The non-standard operation (such as risk is stopped or exceeded the speed limit on slope) of serious consequence is caused to give maximum penalty value, it is nonstandard to evade such
Locomotive control is acted, and the security of strategy generating is effectively ensured.
Step 4, control strategy study
The present invention is controlled policy learning using deeply learning method to the specific running environment of locomotive, and passes through
The reward functions of acquisition carry out the renewal and optimization of strategy to running status, and then obtain the optimized handling control strategy of locomotive.
Deeply learning method has significant advantage in terms of the optimized handling strategy generating of complication system.Nitrification enhancement can
So that algorithm relies on few external information, by continuous repetitive exercise in the environment, and by itself study, optimization behaviour is obtained
Vertical control strategy.Deep learning algorithm has significant advantage in terms of complex multi-dimensional data are processed.So, intensified learning with
The deeply study that deep learning is combined can solve the problems, such as the optimized handling strategy generating under complication system.Such as Fig. 3 institutes
Show, under free position, based on deeply learning algorithm, locomotive operation environmental model is made with the Real-Time Evaluation that locomotive control is acted
It is feedback information, evaluation mechanism is by award or punishes current control action, gives DQN model feedbacks one reward functions conduct
Award evaluation of estimate, DQN models coupling running statuses are made iteratively the renewal and optimization of strategy.

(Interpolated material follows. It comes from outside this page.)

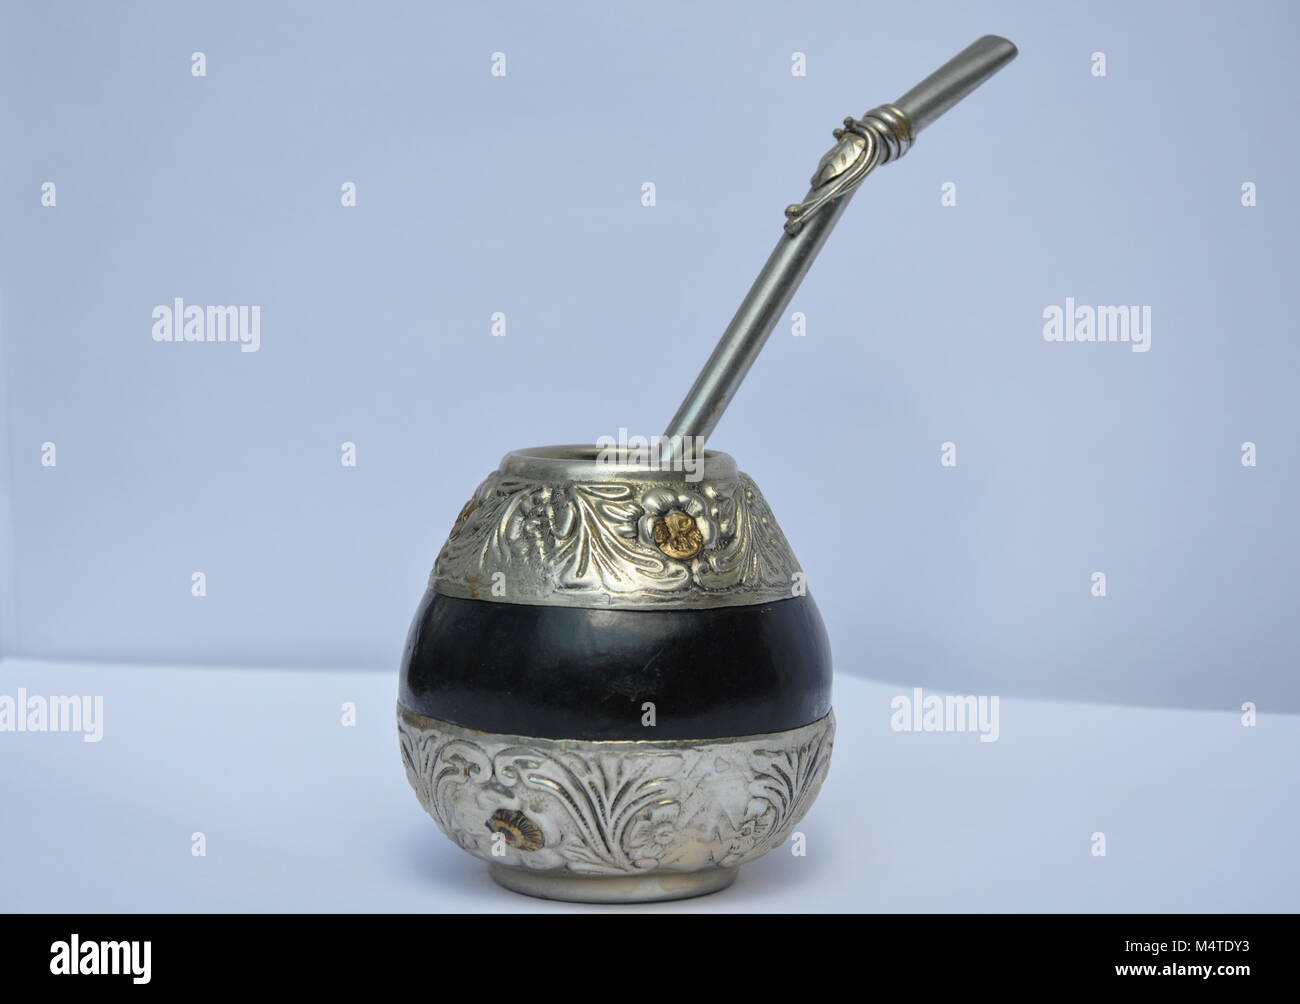 Elaborate chased metalwork mate tea gourd and bombilla from Argentina. Stock Photo

The present invention carries out the design of deeply learning method based on DQN models.Specifically, DQN models and locomotive operation
Environmental model carries out continuous interactive learning, makes and changing using uncertain locomotive operation environment and evaluation mechanism in the present invention
Enter, locomotive often performs an operation (action) under free position, and evaluation mechanism just feeds back an award evaluation of estimate, for instructing
Manipulation sequence after train, i.e., constantly excitation DQN models carry out the renewal and optimization of strategy, are asked with solving engine optimizing operation
Topic, after multiple iteration, the Train Control strategy that model will finally be restrained and be optimized.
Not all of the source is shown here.